Description Jeff Bastian 2020-06-19 19:40:49 UTC
1. Please describe the problem:
The stress-ng mknod and symlink stressors triggera a kernel bug on the ARK kernel on s390x:

mknod:
[ 1256.534428] list_del corruption. next->prev should be 000003e000be7c98, but was 00000001a7a6d1b0
[ 1256.534463] ------------[ cut here ]------------
[ 1256.534466] kernel BUG at lib/list_debug.c:54!
[ 1256.534535] monitor event: 0040 ilc:2 [#1] SMP
[ 1256.534540] Modules linked in: ...<snip>...
[ 1256.534806] CPU: 2 PID: 582352 Comm: stress-ng-mknod Kdump: loaded Not tainted 5.8.0-rc1-c1f840d.cki #1
[ 1256.534810] Hardware name: IBM 2964 N96 400 (z/VM 6.4.0)
...

symlink:
[ 1754.761295] list_del corruption. prev->next should be 000003e000e27a68, but was 00000001d6daa1f0
[ 1754.880585] ------------[ cut here ]------------
[ 1754.880588] kernel BUG at lib/list_debug.c:51!
[ 1754.880656] monitor event: 0040 ilc:2 [#1] SMP
[ 1754.880662] Modules linked in: ...<snip>...                            
[ 1754.880738] CPU: 3 PID: 592107 Comm: stress-ng-symli Kdump: loaded Not tainted 5.7.2-88cd4de.cki #1
[ 1754.880740] Hardware name: IBM 2964 N96 400 (z/VM 6.4.0)
...

2. What is the Version-Release number of the kernel:
several recent ARK kernel builds including:
5.8.0-rc1-c1f840d.cki
5.7.4-9b26e20.cki
5.7.4-4418f34.cki
5.7.4-inf.cki
5.7.3-bbd1511.cki
5.7.2-88cd4de.cki

3. Did it work previously in Fedora? If so, what kernel version did the issue
   *first* appear?  Old kernels are available for download at
   https://koji.fedoraproject.org/koji/packageinfo?packageID=8 :

Judging by the CKI logs, this first appeared in 5.7.2-88cd4de.cki

4. Can you reproduce this issue? If so, please provide the steps to reproduce
   the issue below:

Build and run stress-ng and focus on the mknod stressor.

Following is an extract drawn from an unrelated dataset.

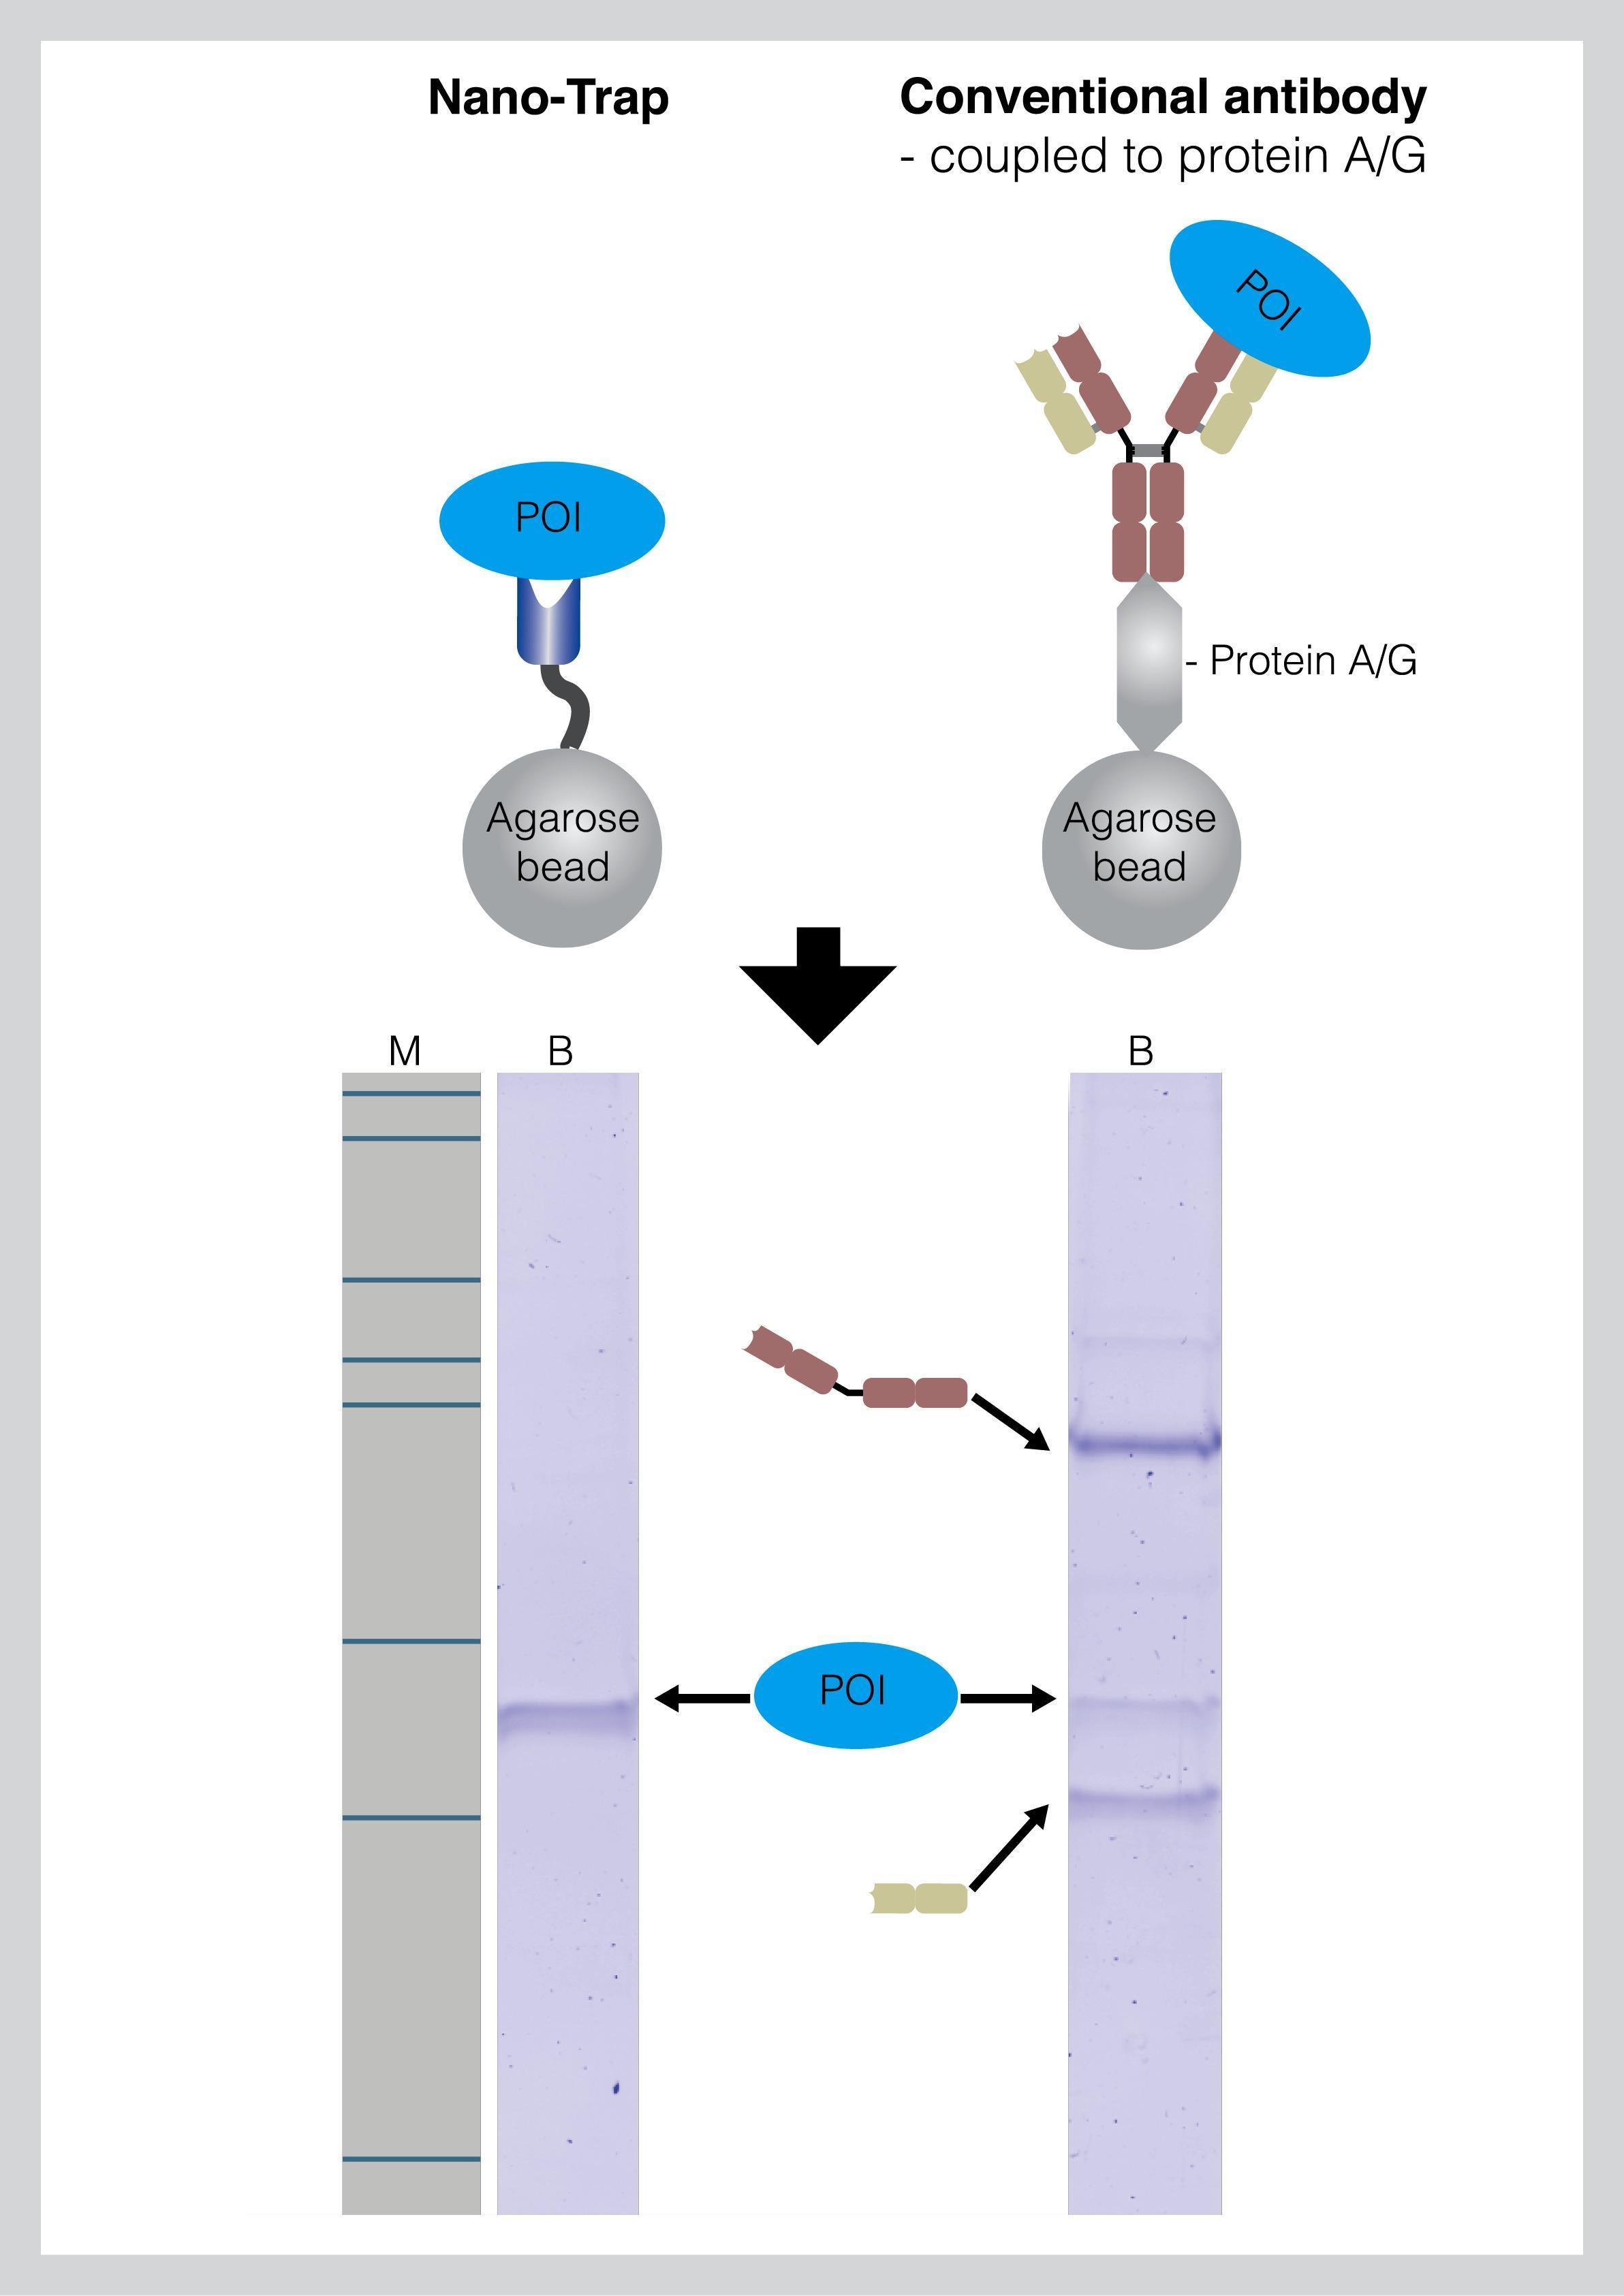 NanoTrap(左)と従来型であるProtein A/G結合IgG抗体(右)を用いた免疫沈降の概要。Nano-Trapでは、単一のバンドを得られ、従来型とは異なり軽鎖/重鎖由来のバンドは観察されません。
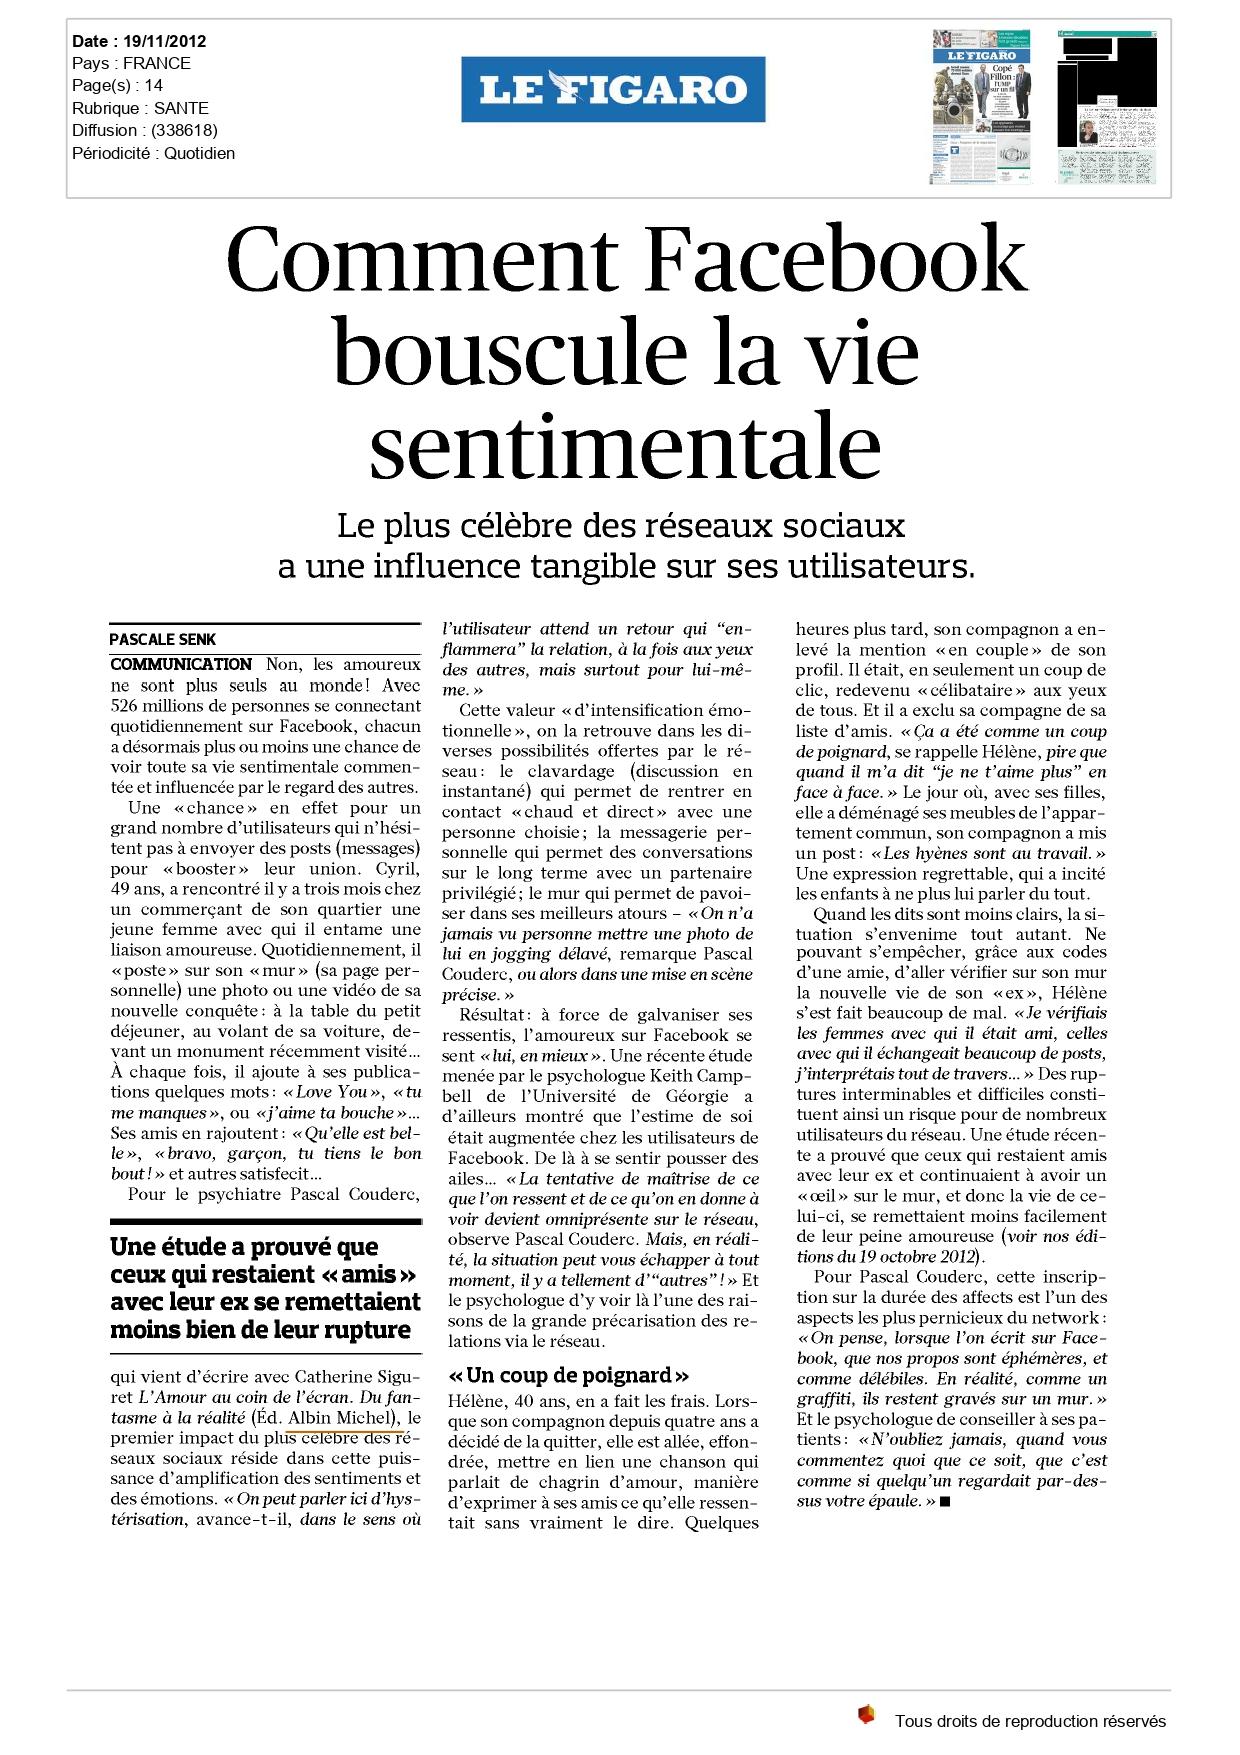 Comment-Facebook-bouscule-la-vie-sentimentale_Le-Figaro_20121119_page-0001

git clone git://kernel.ubuntu.com/cking/stress-ng.git
cd stress-ng
git checkout -b V0.09.56 V0.09.56
make
./stress-ng --mknod 0 --timeout 5 --log-file mknod.log

5. Does this problem occur with the latest Rawhide kernel? To install the
   Rawhide kernel, run ``sudo dnf install fedora-repos-rawhide`` followed by
   ``sudo dnf update --enablerepo=rawhide kernel``:

Unknown, but I can try the Rawhide kernel if it's valuable.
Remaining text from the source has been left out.